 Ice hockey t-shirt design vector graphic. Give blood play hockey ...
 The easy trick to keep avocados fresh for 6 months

--

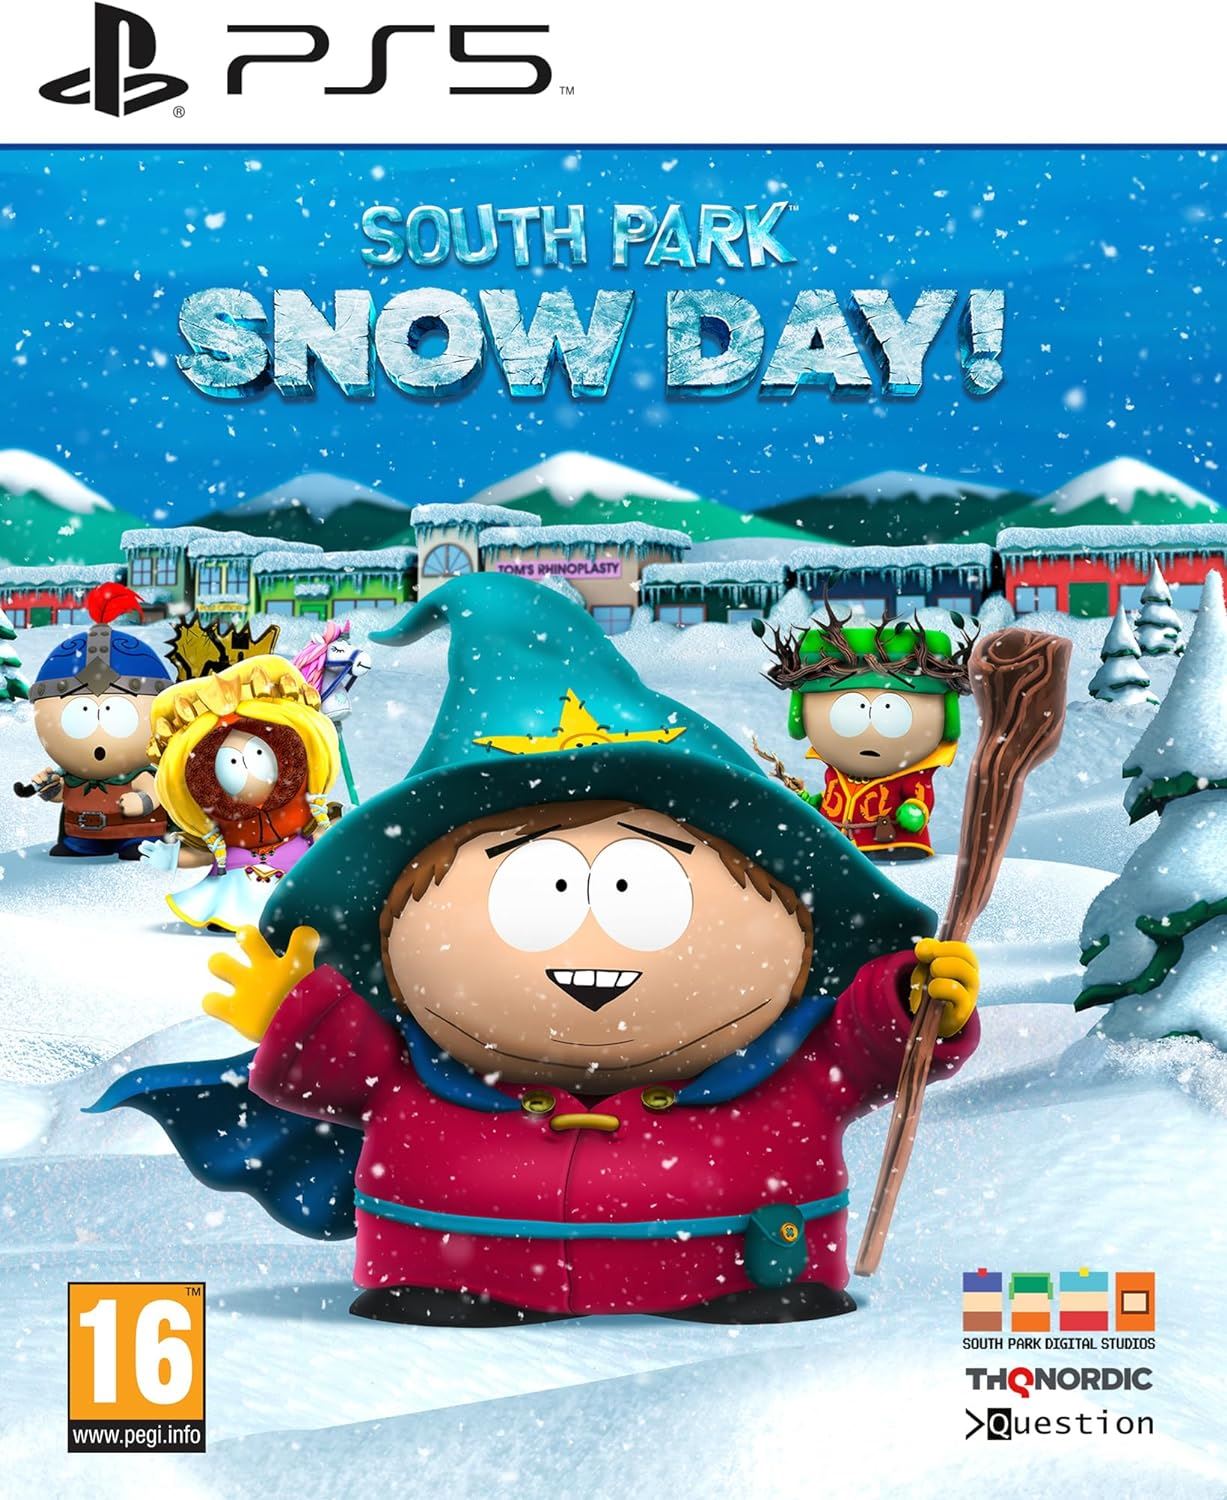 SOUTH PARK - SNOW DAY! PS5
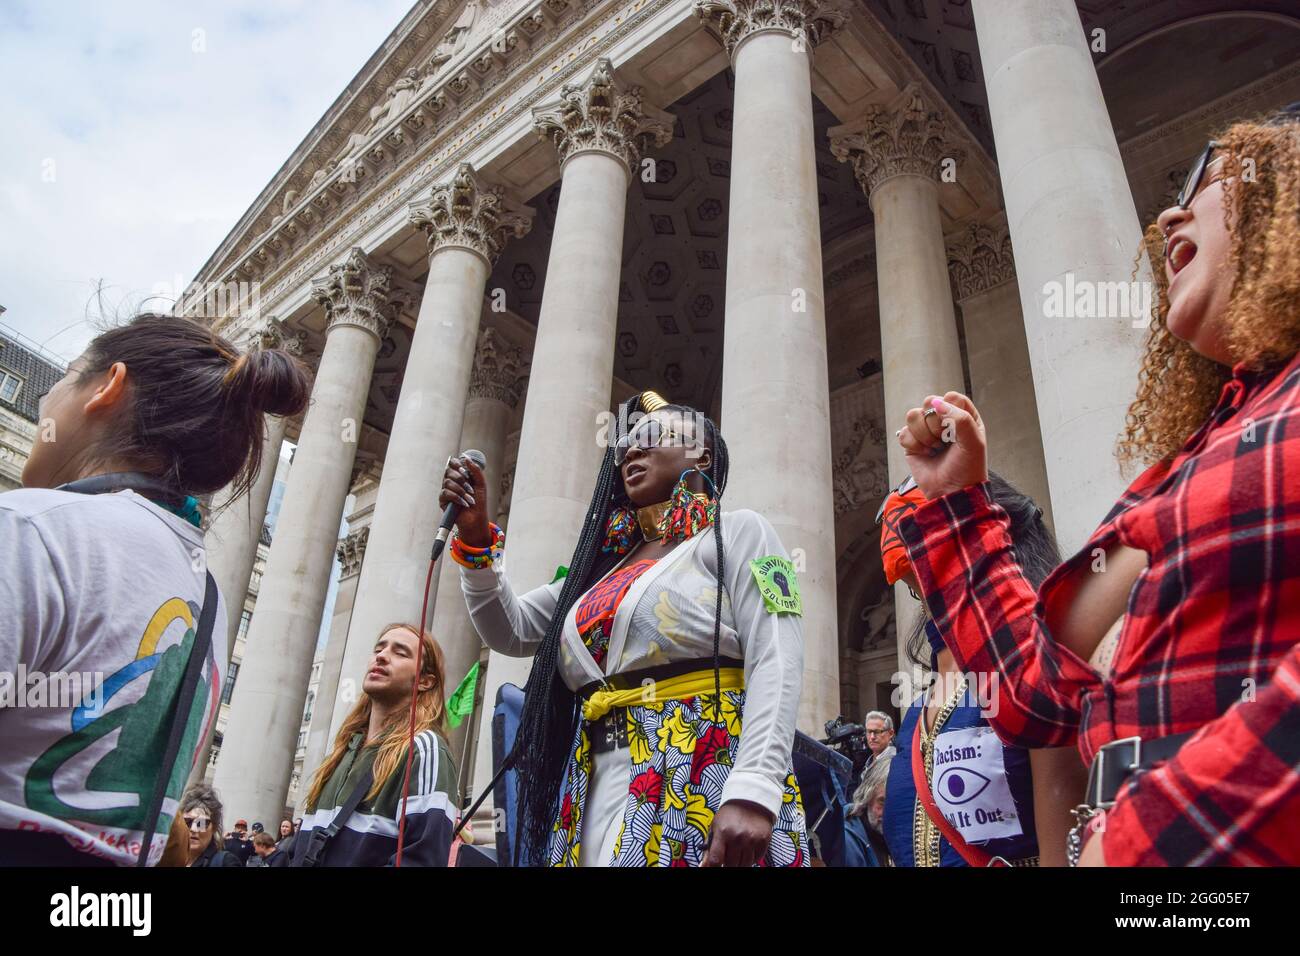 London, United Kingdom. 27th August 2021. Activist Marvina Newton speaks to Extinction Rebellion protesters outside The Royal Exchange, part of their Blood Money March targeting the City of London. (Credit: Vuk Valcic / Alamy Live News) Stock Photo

What is expected: When you reach the line containing "Ice hockey t-shirt" in the data above, start copying exactly, and stop after the line containing "The easy trick".

Answer box:
 Ice hockey t-shirt design vector graphic. Give blood play hockey ...
 The easy trick to keep avocados fresh for 6 months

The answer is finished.